Говачины могли юридически обосновать убийство любого участника судебного процесса – судьи, легума, клиента, но это должно было быть обставлено со всей правовой тщательностью, с обоснованиями, понятными всем участникам, с соблюдением расписания. Помимо всего прочего, убивать на судебной арене можно было только при отсутствии иной возможности уважительного неуважения к говачинскому Закону. Даже изменяя Закон, нужно было соблюдать его святость.
Вступая на судебную арену, надо было ощущать эту особую святость всеми фибрами души. Формы… формы… формы… С этим синим ящиком говачинский Закон грозил смертью за каждое слово, за каждое движение. Зная, что Макки не был прирожденным говачином, Арич решил загнать его в цейтнот, надеясь, что тот неминуемо совершит какую-нибудь непростительную ошибку. Говачины не хотели доводить до судебной арены дело Досади, это было быстрое состязание. Но если арены все же не избежать… Что ж, ладно, тогда придется очень тщательно подбирать судей – их вообще всегда подбирали с большой осторожностью. Обе стороны проявляли в этом деле максимум изобретательности, стараясь не выбрать профессионального законника. Судьи могли представлять тех, кого обидел Закон. Судьями могли стать обычные рядовые граждане в любом числе, если они удовлетворяют противоборствующие стороны. Судей могли избирать (и часто делали это) на основании их специальных знаний, важных для данного конкретного дела. Но здесь следовало крепко подумать о возможной предвзятости. Говачинский Закон строго разделял пристрастное отношение и предвзятость.
Макки учитывал это.
Интерпретация пристрастного отношения: «Если я могу вынести решение в пользу определенной стороны, я так и поступлю».
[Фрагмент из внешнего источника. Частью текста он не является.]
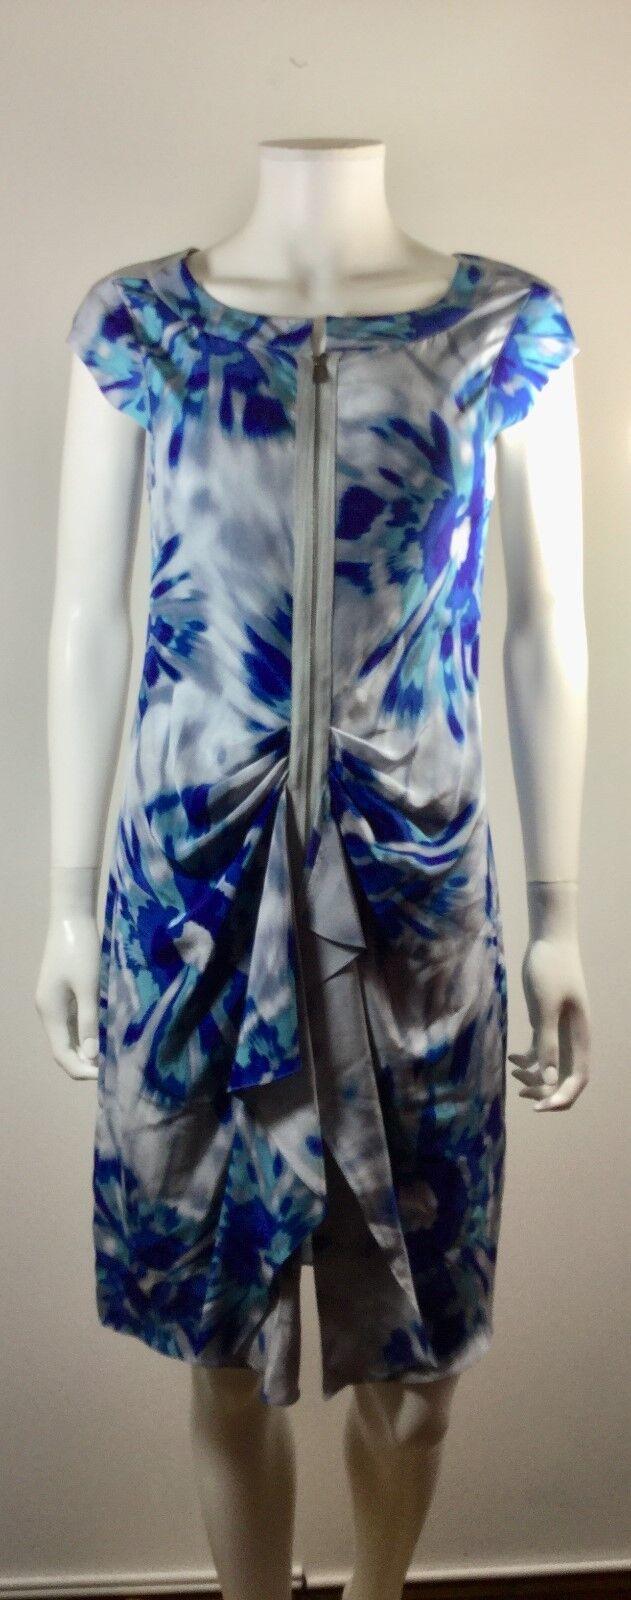 BCBGMAXAZRIA bluee Print Cap Sleeve Zip Front Marisol Dress Size 4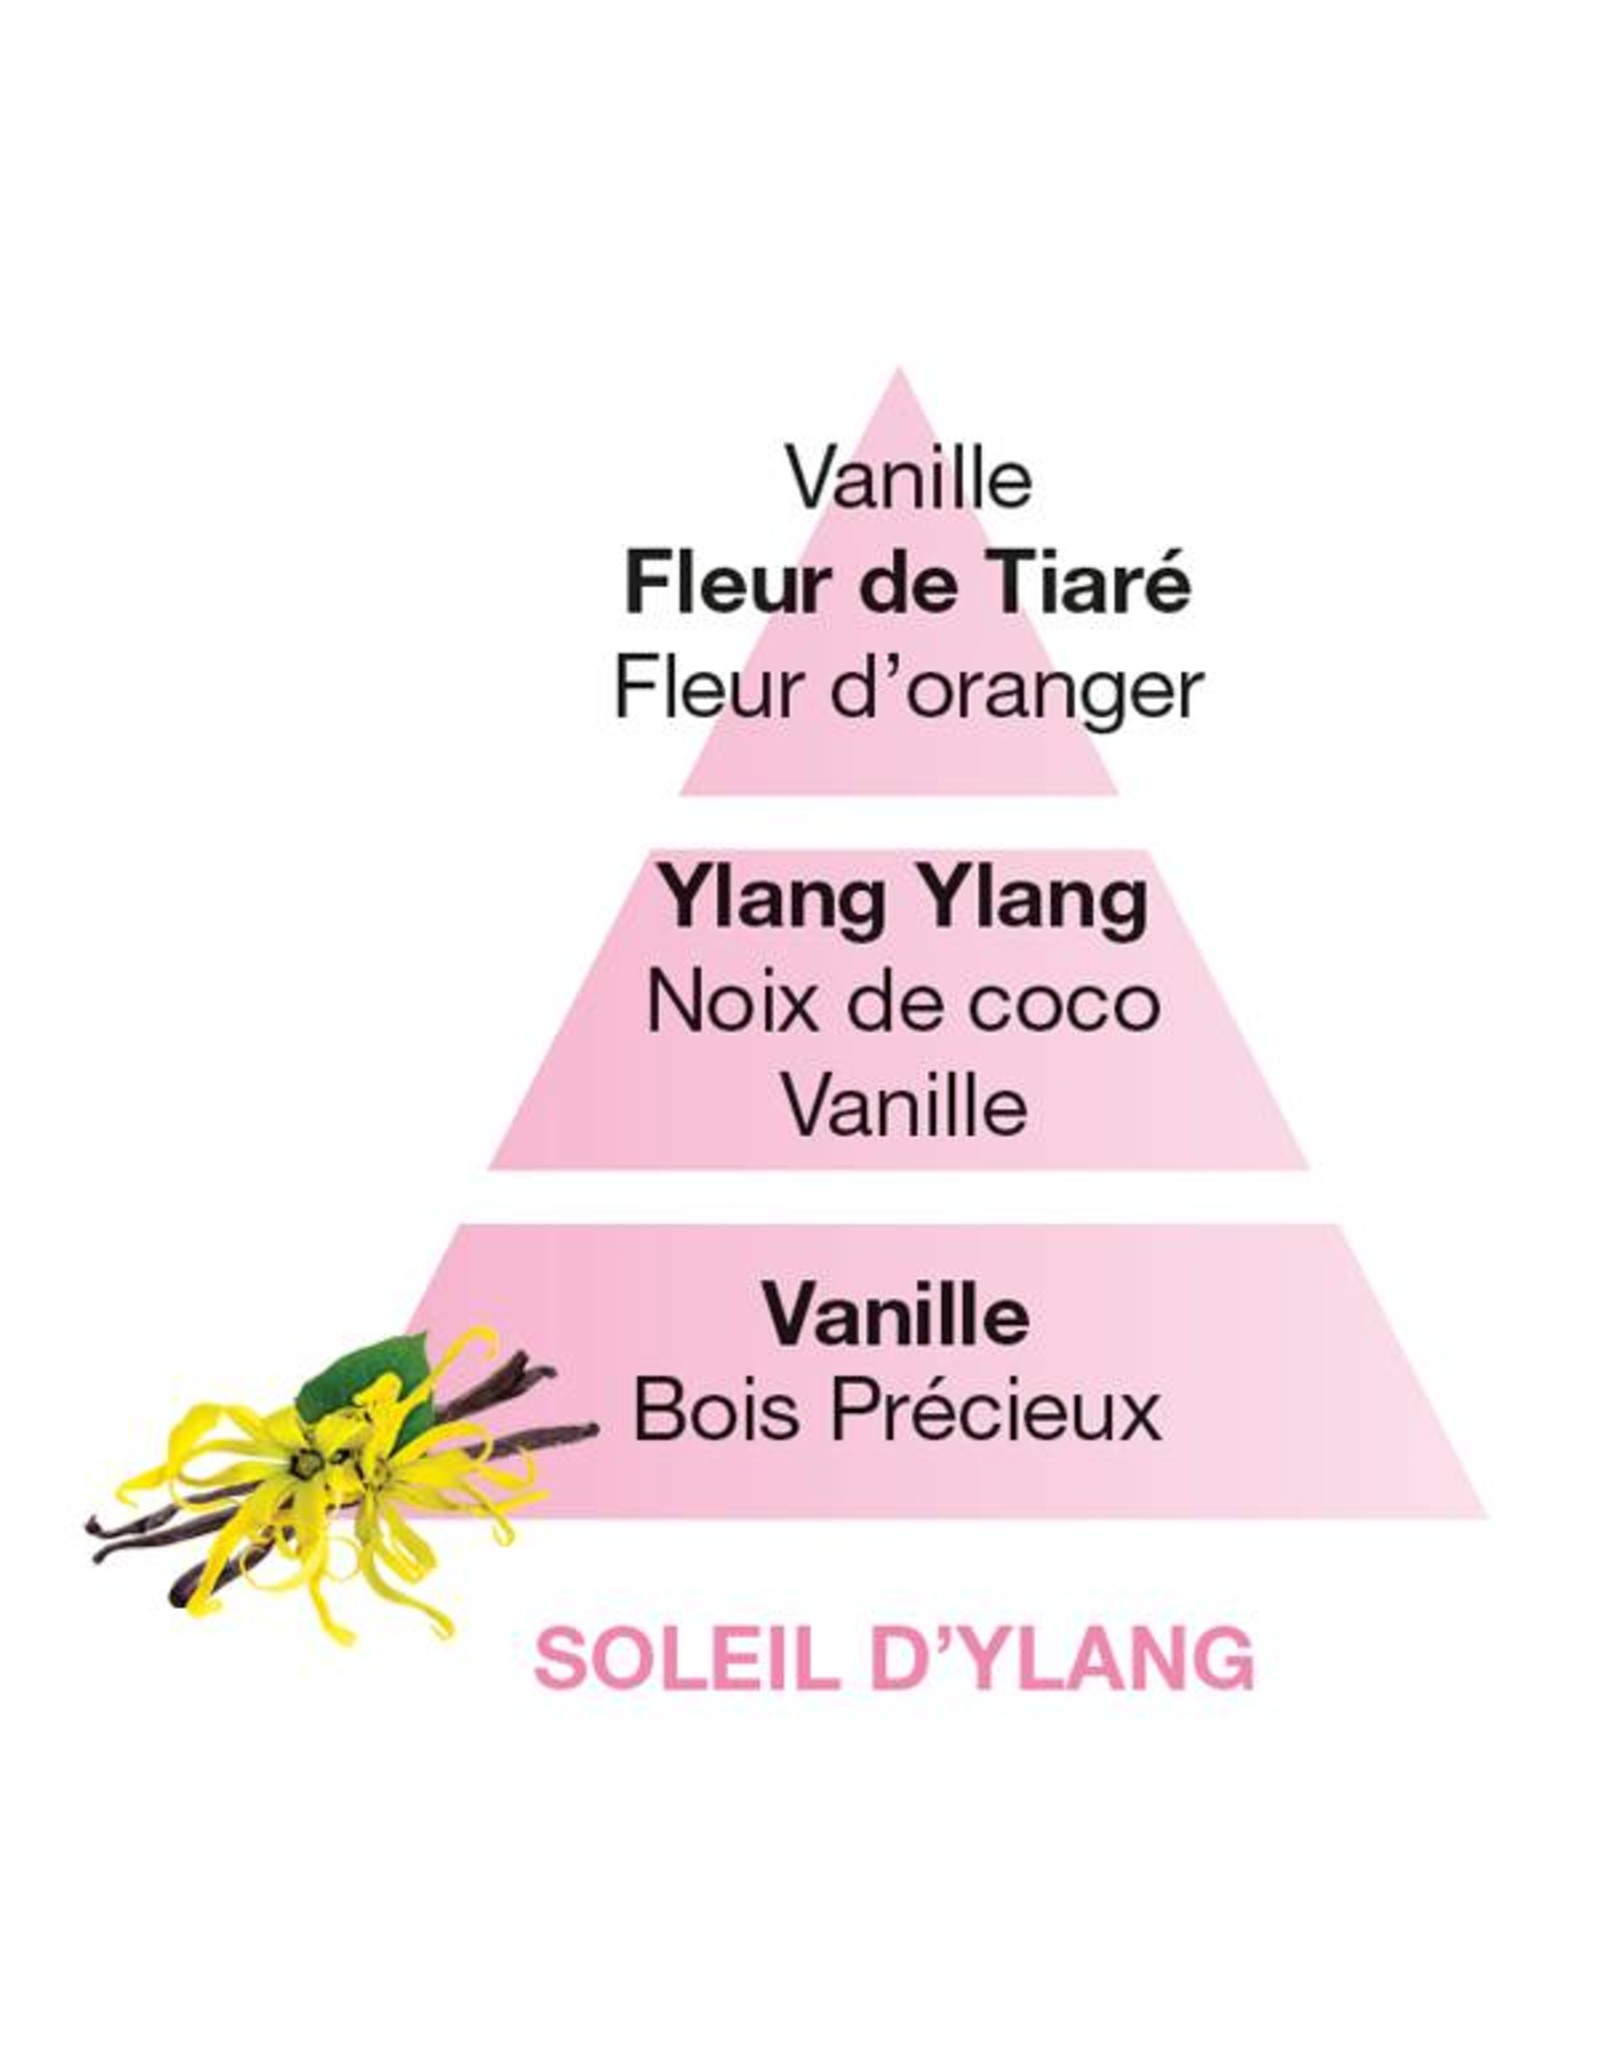 Lampe Berger Navulling - Fleurs - Soleil d'Ylang

Интерпретация предвзятости: «Неважно, что происходит на арене, я все равно приму вот эту сторону».
Пристрастное отношение допускалось, предвзятость – нет.
Арич был главной проблемой, со своими предвзятостями, пристрастностью, врожденным и привитым воспитанием отношением к тому или иному вопросу. В глубине души он свысока смотрел на все неговачинские правовые системы как на «орудия, ослабляющие характер индивида и руководствующиеся алогичностью, иррациональностью и эгоцентричностью, прикрываясь словами о высоких целях».
Если дело Досади все же дойдет до арены, то его проведут по модифицированному говачинскому Закону. Модификация была костью в горле для Федерации говачинов. Это была уступка, сделанная ради вступления в Конфедерацию сознающих. Периодически говачины пытались сделать свой Закон основой законодательства всей Конфедерации.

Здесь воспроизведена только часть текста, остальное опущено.